The best advice I have for writers who are looking for an agent is that this is a subjective business. And that someone may love your work but not be able to take you on as a client because they’ve just signed someone who’s writing similar things. Or because they feel the market is oversaturated in that particular novel subject. Or because they’re a young agent and they’re hungry and they love your work, but their supervisor doesn’t agree with them. There are a million scenarios where it’s not your writing but the actual business aspects.
When I was working in the field, we used to say, as a general rule of thumb, that you sold your third or fourth or fifth novel—meaning you’ve got a bunch of novels in your writing trunk that you couldn’t sell at that moment in time. So, if you end up with a bunch of agent rejections, you keep writing. Or you self-publish the novel you really love. But you don’t give up.

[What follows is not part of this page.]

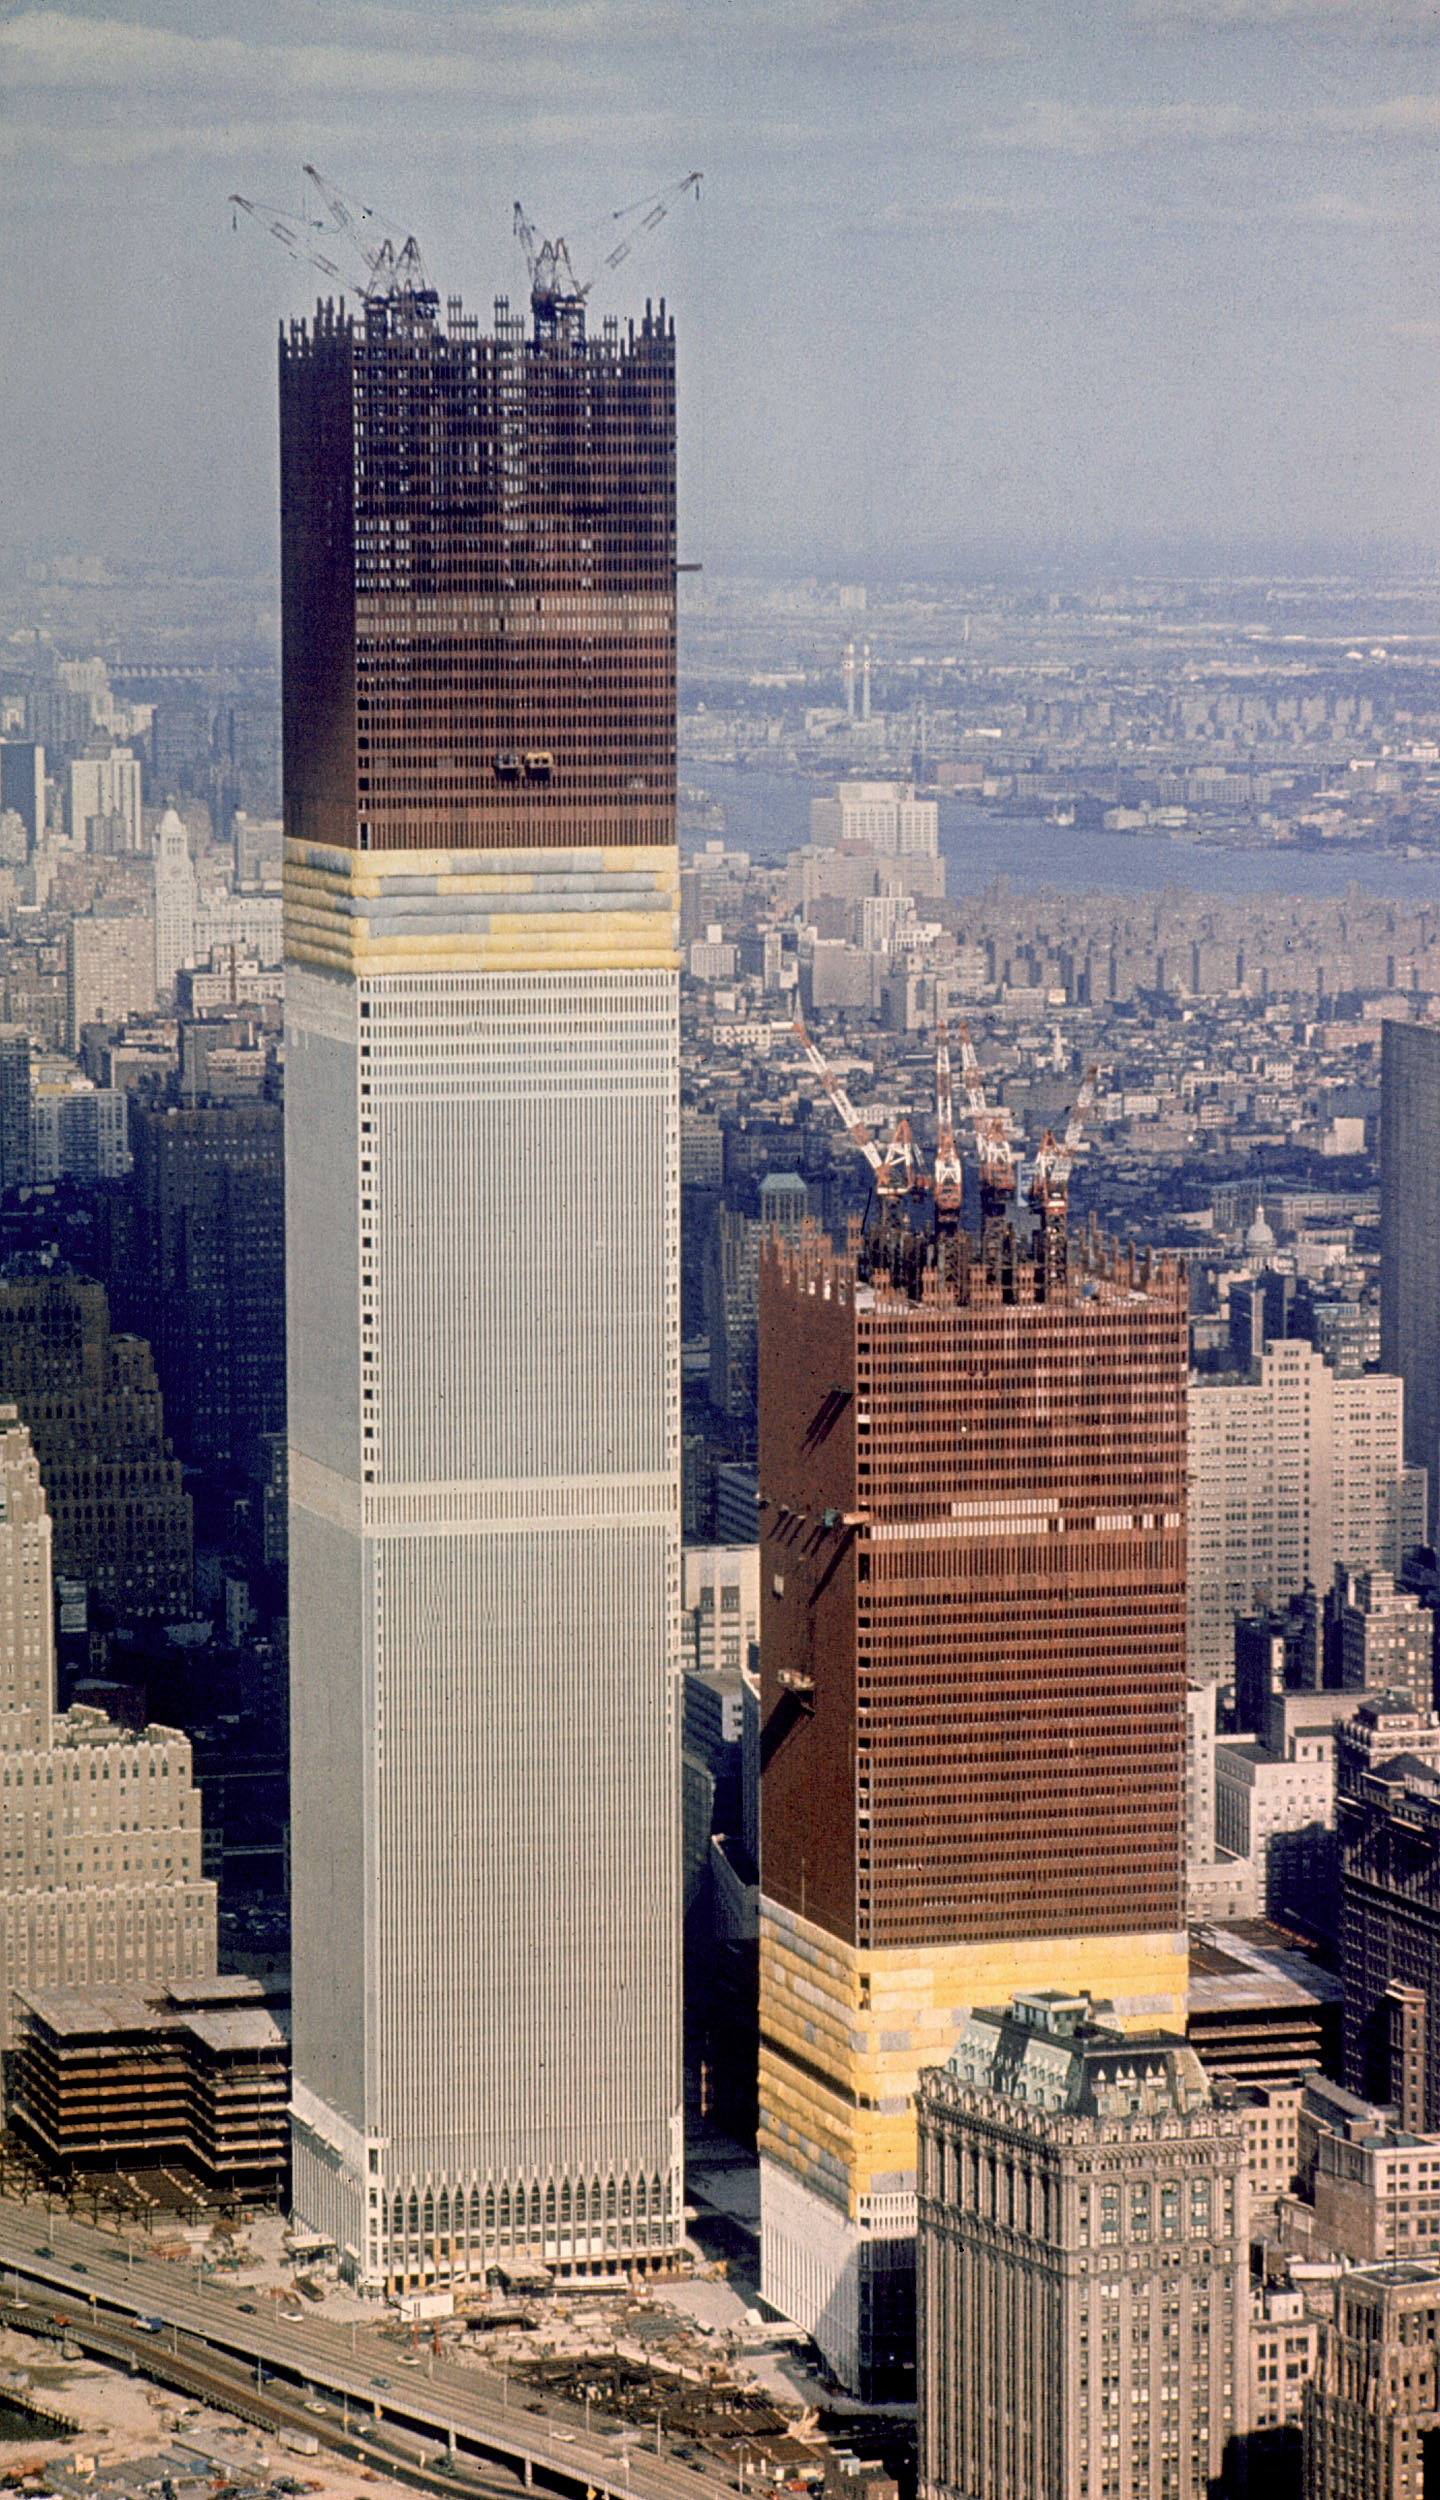 Сколько этажей было в башнях близнецах. Всемирный торговый центр в Нью-Йорке. ВТЦ Нью-Йорк башни Близнецы 2001. Близнецы Всемирный торговый центр в Нью-Йорке. Эмпайр Стейт Билдинг 11 сентября 2001.
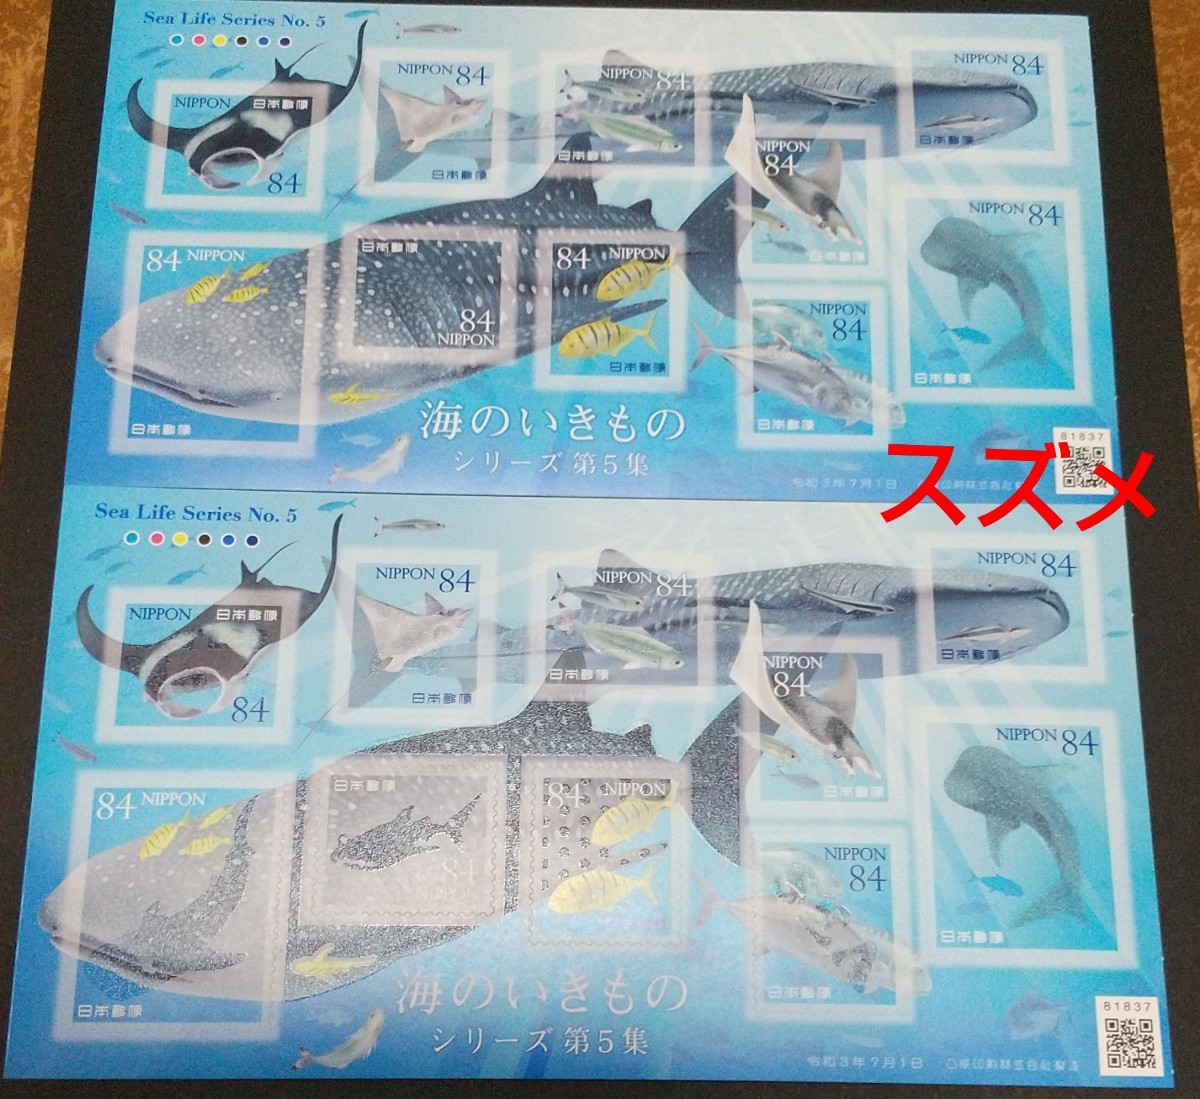 海のいきものシリーズ第5集 84円 シール切手 2シート 1680円分  シール式切手 記念切手

What’s the biggest weakness in your writing these days, and how do you cope with it?
Endings. Mostly because I don’t know what they are until I get to them and I often have to rewrite parts of the story to make them fit with what the ending is supposed to be. Or sometimes I change the ending a bunch of times, until it’s the right one. But that’s part of my process, too, so I’m not entirely sure it’s a weakness.
What’s next on the writing-related horizon? Are you starting any new projects?
I realized recently that I have both a novella and a novel that I haven’t really submitted anywhere, so I have tentative plans to do that, after I revise them. But I also have lofty goals—I’d love to publish a short story collection one day, for example. I’m still slowly writing a YA novel that I adore, in between getting hijacked by various short story ideas.
And I’m doing what I’ve always done, which is processing my reactions to the world around me through writing. I’m writing this interview at the end of June, and I’m currently both blazingly angry and depressed about the repeal of Roe v Wade. So I’m writing a story in reaction to it, which doesn’t actually deal with abortion, but rather with the mixture of feelings that I’m experiencing right now. It may never see the light of day, but then again, it might get published one day. You never quite know which story an editor will fall in love with.